We prepared a dataset of intent tagged conversations with specially marked intents which tell us that these utterances are bad and them going further in SLU will result in errors. Also we have a sampling of non-bad utterances (tagged with regular intents) to make this a classification problem.

There are total 9928 samples of audios labelled as bad and 20000 samples labeled as good.

All the raw labels were not very useful, hence we clean and preprocess the data to finally create 2 broad categories with sub-classes.

  • audio-bad
    • audio-noisy: Noisy audio.
    • audio-silent: Silent audio.
    • audio-talking: Background talking.
    • hold-phone: Music from keeping on hold.
  • audio-good


If we are going to reject these bad audios then we need to do so with:

  • High Precision: We should not be rejecting good audios which are perfectly interpretable and understandable.
  • Low Latency: This system should have little to no latency, otherwise it will just slow down our whole VASR flow after being deployed and integrated.
  • Online: The model should be capable of running in an online setting where continuous chunks of audios are fed into the system.
Can't See? Something went wrong!
Binary Audio Classification based on Log-Mel Spectrograms

While these features (spectrograms) can be generated once after processing all the audios in the dataset, this feature generation needs to be done on the fly to make a model that can be used in deployment i.e given raw audios as input, it should be able to predict the class, that was easily incorporated through a few transforms done within the model using torch-audio.

Even though this architecture is simple, it got us an accuracy of about 87%. But it is not the accuracy we need to see, our choice of metric to measure the performance is precision as explained earlier. We are still in the process improving these initial baseline numbers of the model. One simple approach for increasing the precision is to increase the threshold, trading-off some coverage in the form of support.

Misclassification Analysis

We also do a post prediction analysis on the misclassified audios, which revealed an interesting pattern in the dataset and in the kind of audios that the model was finding hard to make predictions on.

Briefly these errors followed 3 major types which now helps to understand the places where we can make improvements.

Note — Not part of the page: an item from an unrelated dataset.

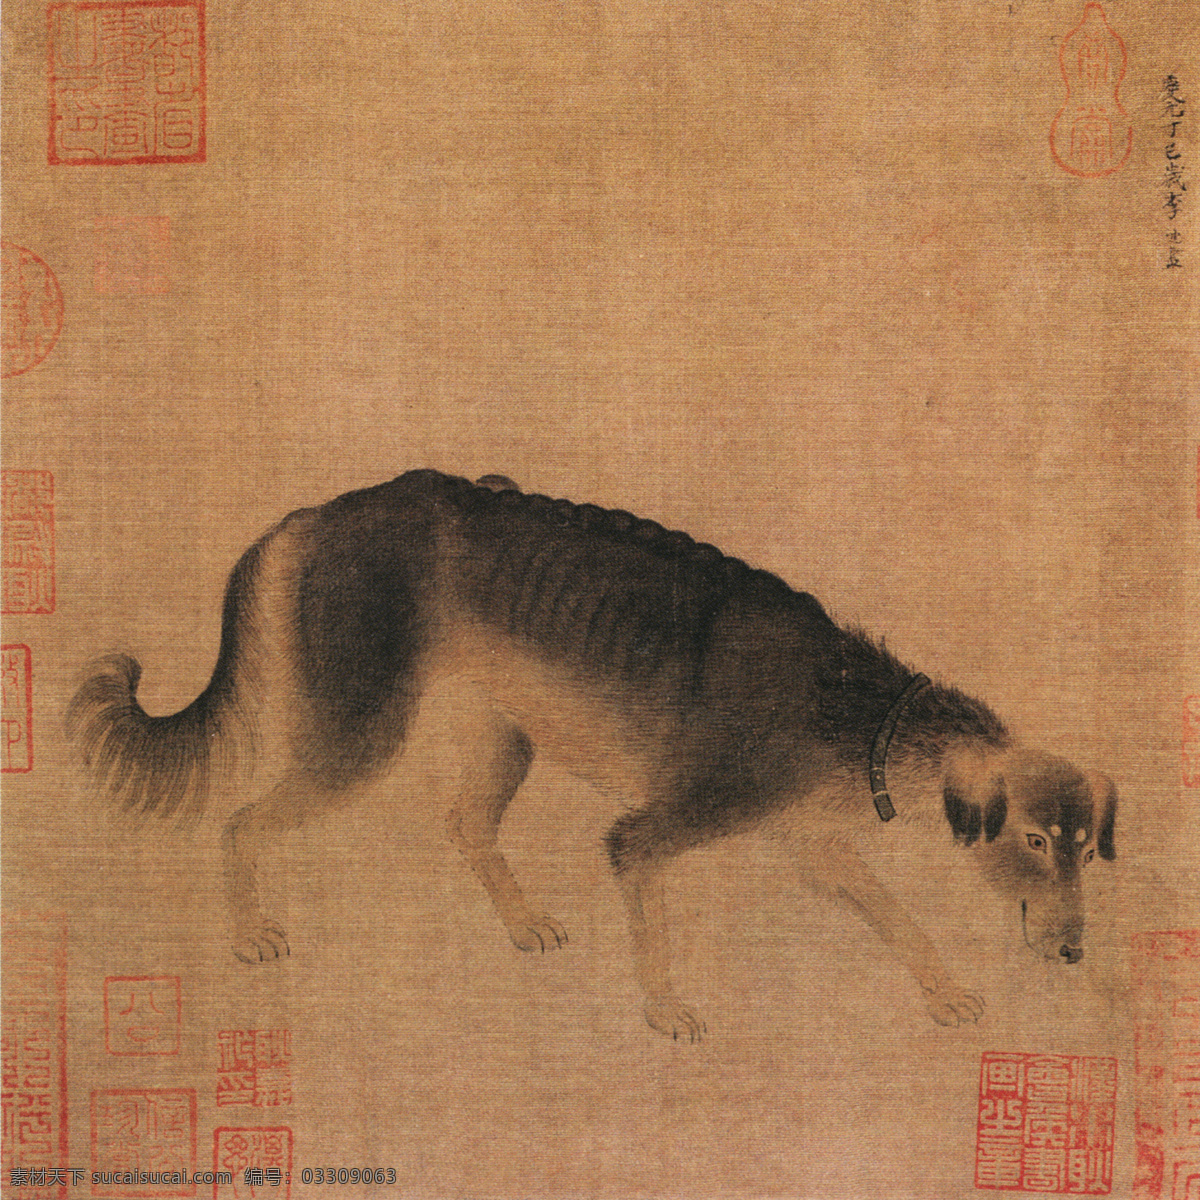 猎犬图 花鸟画 中国 古画 中国古画 设计素材 花鸟名画 古典藏画 书画美术 棕色

  • Type 1 (Very Short Utterance) : say 0.2 seconds in audio of 6 seconds. Due to noise in most part of such short utterance audios, our model predicts it to be noisy and not good in some occasions. This can probably be fixed with VAD which can trim the non speech segments in such short utterance audios.
  • Type 2 (Long audios) : Audio duration is longer than 6.5 seconds with the speaker in latter half. Since we chose to threshold our features (log-mels) at 6.5 seconds, the latter part of the audio is basically truncated and hence such errors.
  • Type 3 (Ambiguous / Wrongly Labeled) : There are samples in the dataset which are not perfectly labelled. One may say these audios are debatablem, some may find them to be bad others may think that they are ok. This type of label noise is something which needs to be tackled.

Needless to say, there are places where we can improve these results, but having a solid baseline model initially is important for incremental improvements over time and after a few iterations we finally see these models in our production systems.

That’s all for now. This simple model was really powerful, unfortunately the code cannnot be open sourced due to legal reasons and privacy restrictions behind the dataset.